### AVAILABLE DATA
================================
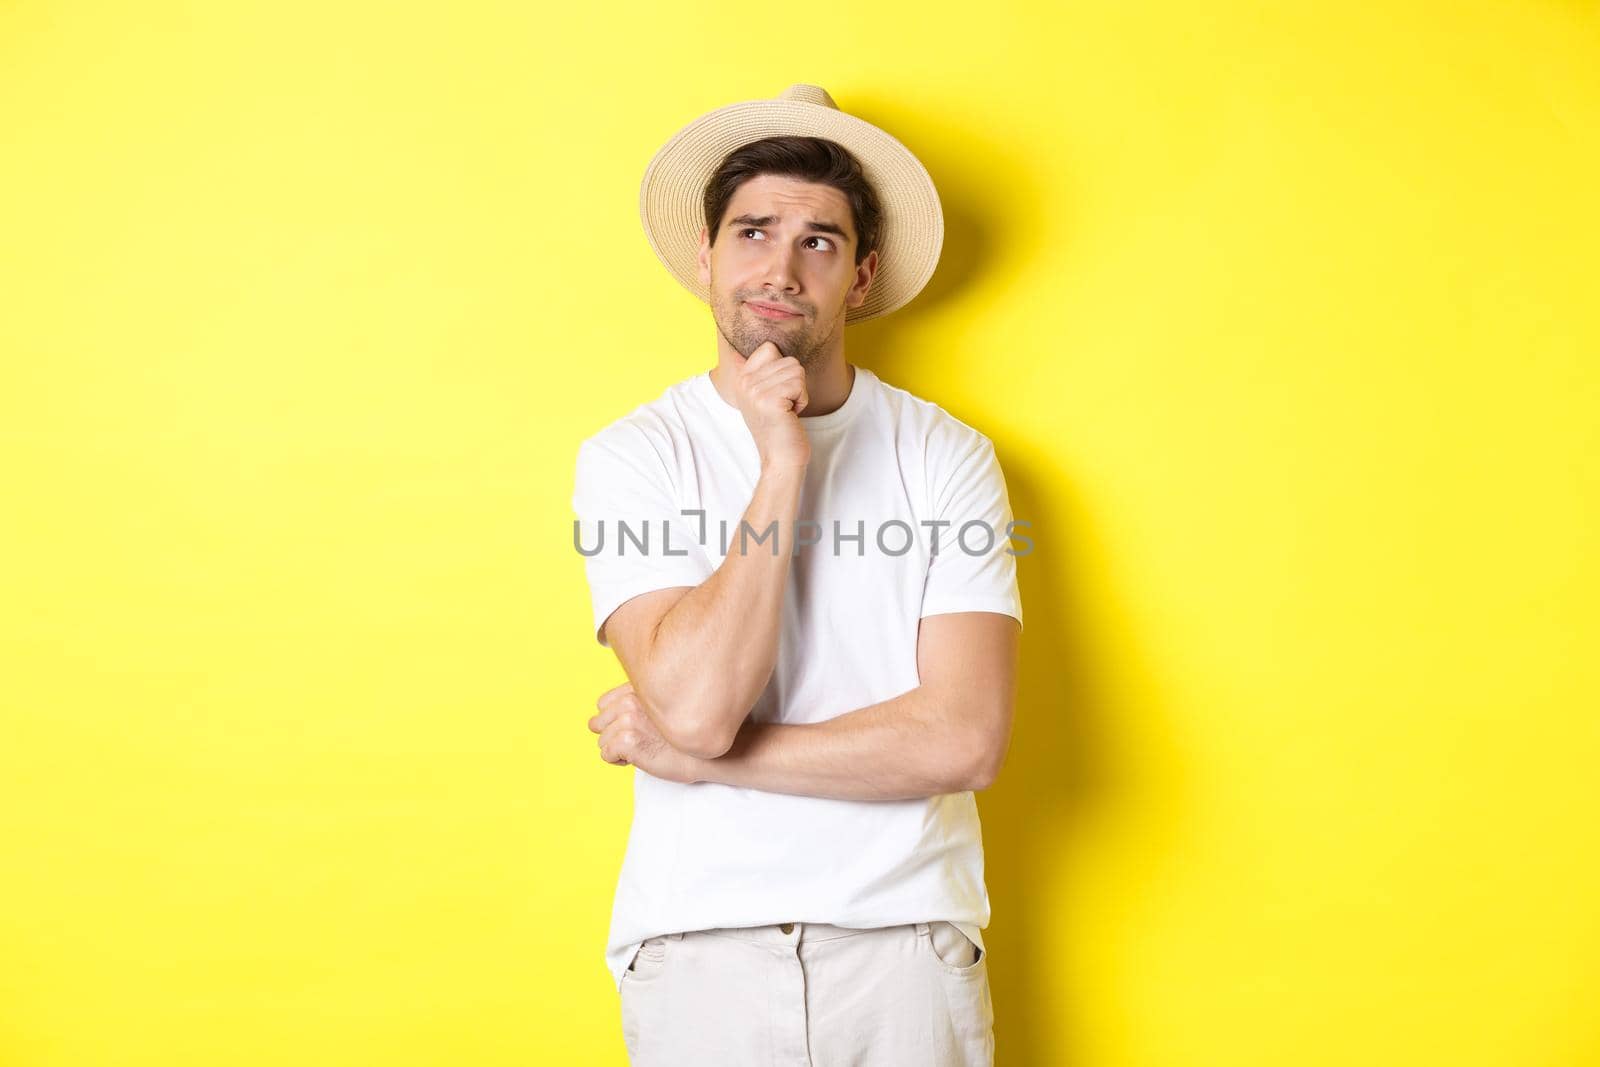 Concept of tourism and summer. Thoughtful man tourist pondering, looking at upper left corner and thinking, standing in straw hat and white t-shirt against yellow background.
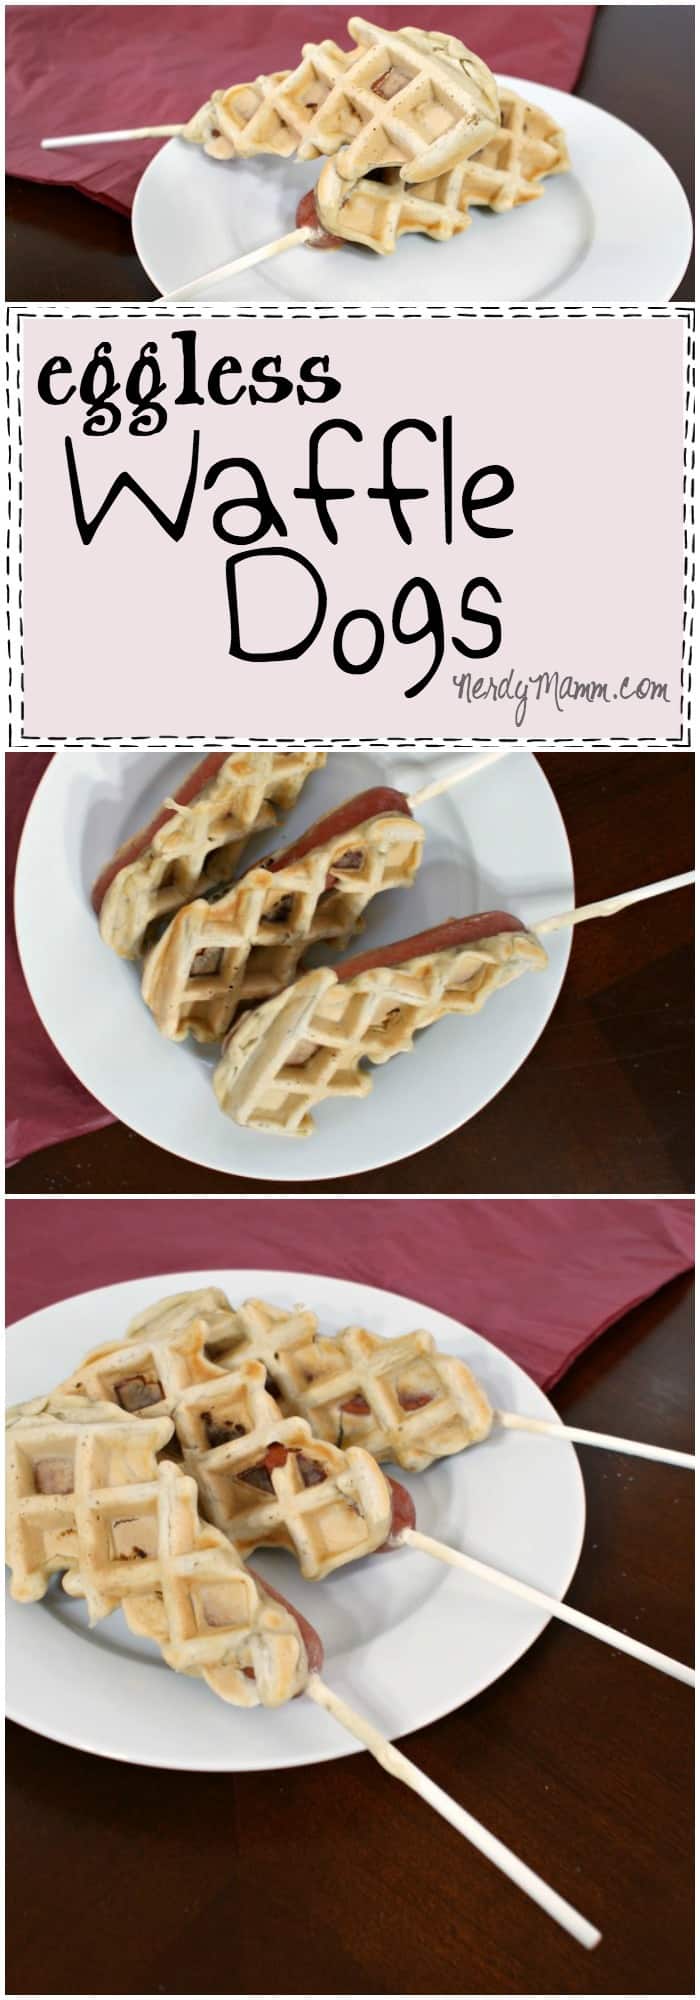 Oh, I just LOVE this eggless, dairy-free, sugar-free Waffle Dog recipe. It's like a corn dog, but NOT. Love this so much. And so do my kids.
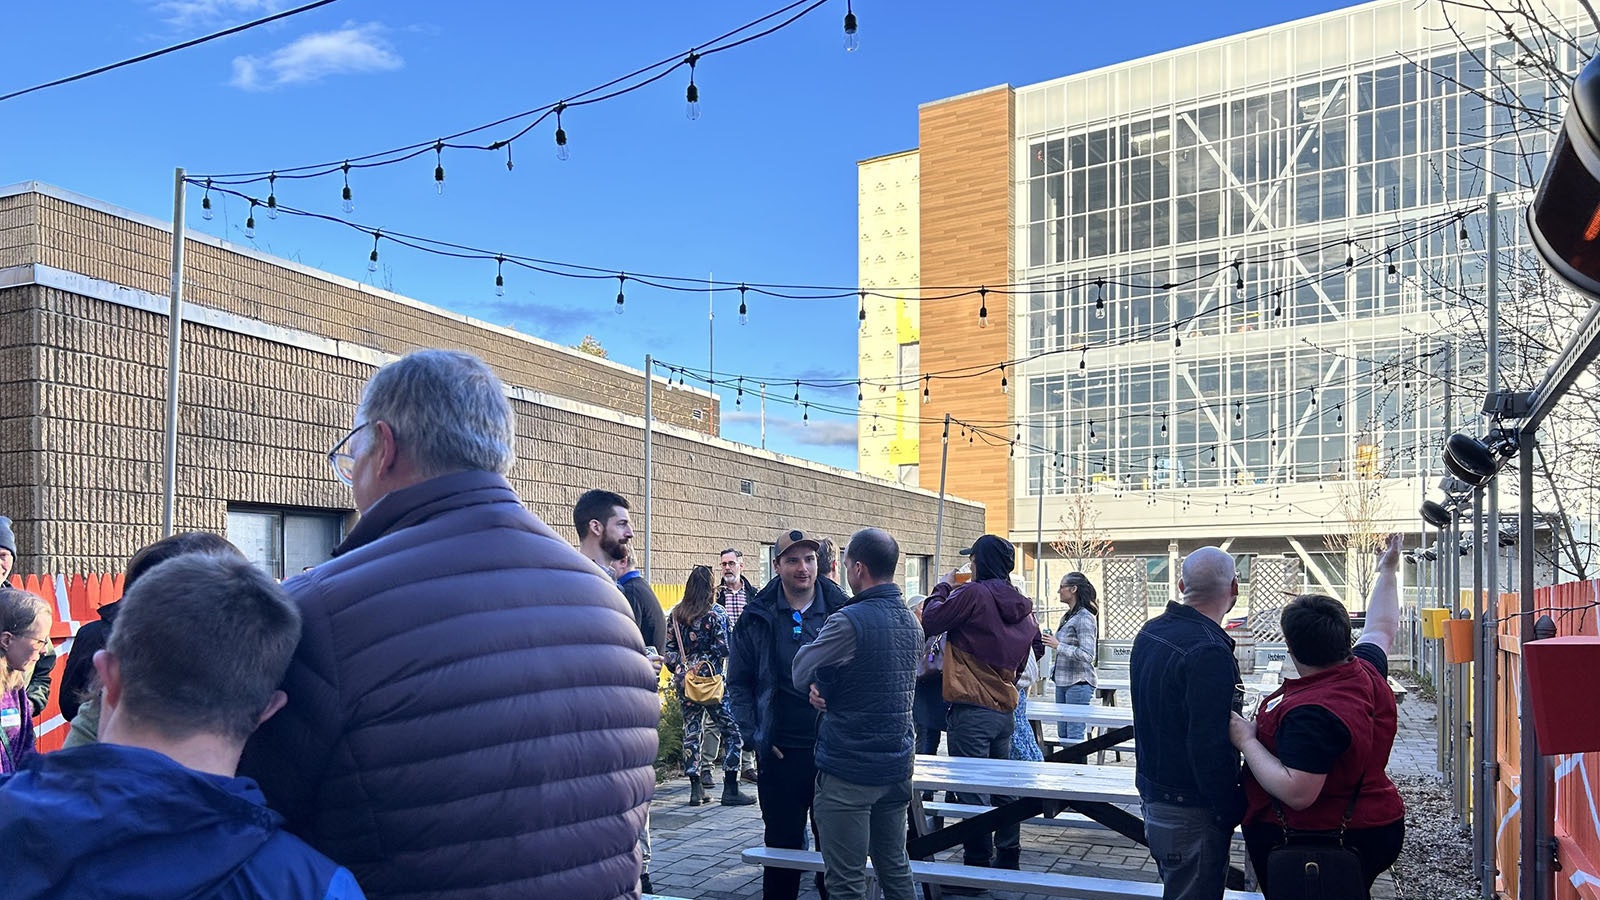 A party outside the Vertical Harvest flagship facility in Jackson, Wyoming.
================================
Retype the listing above exactly, pictures excluded.

 Concept of tourism and summer. Thoughtful man tourist pondering, looking at upper left corner and thinking, standing in straw hat and white t-shirt against yellow background.
 Oh, I just LOVE this eggless, dairy-free, sugar-free Waffle Dog recipe. It's like a corn dog, but NOT. Love this so much. And so do my kids.
 A party outside the Vertical Harvest flagship facility in Jackson, Wyoming.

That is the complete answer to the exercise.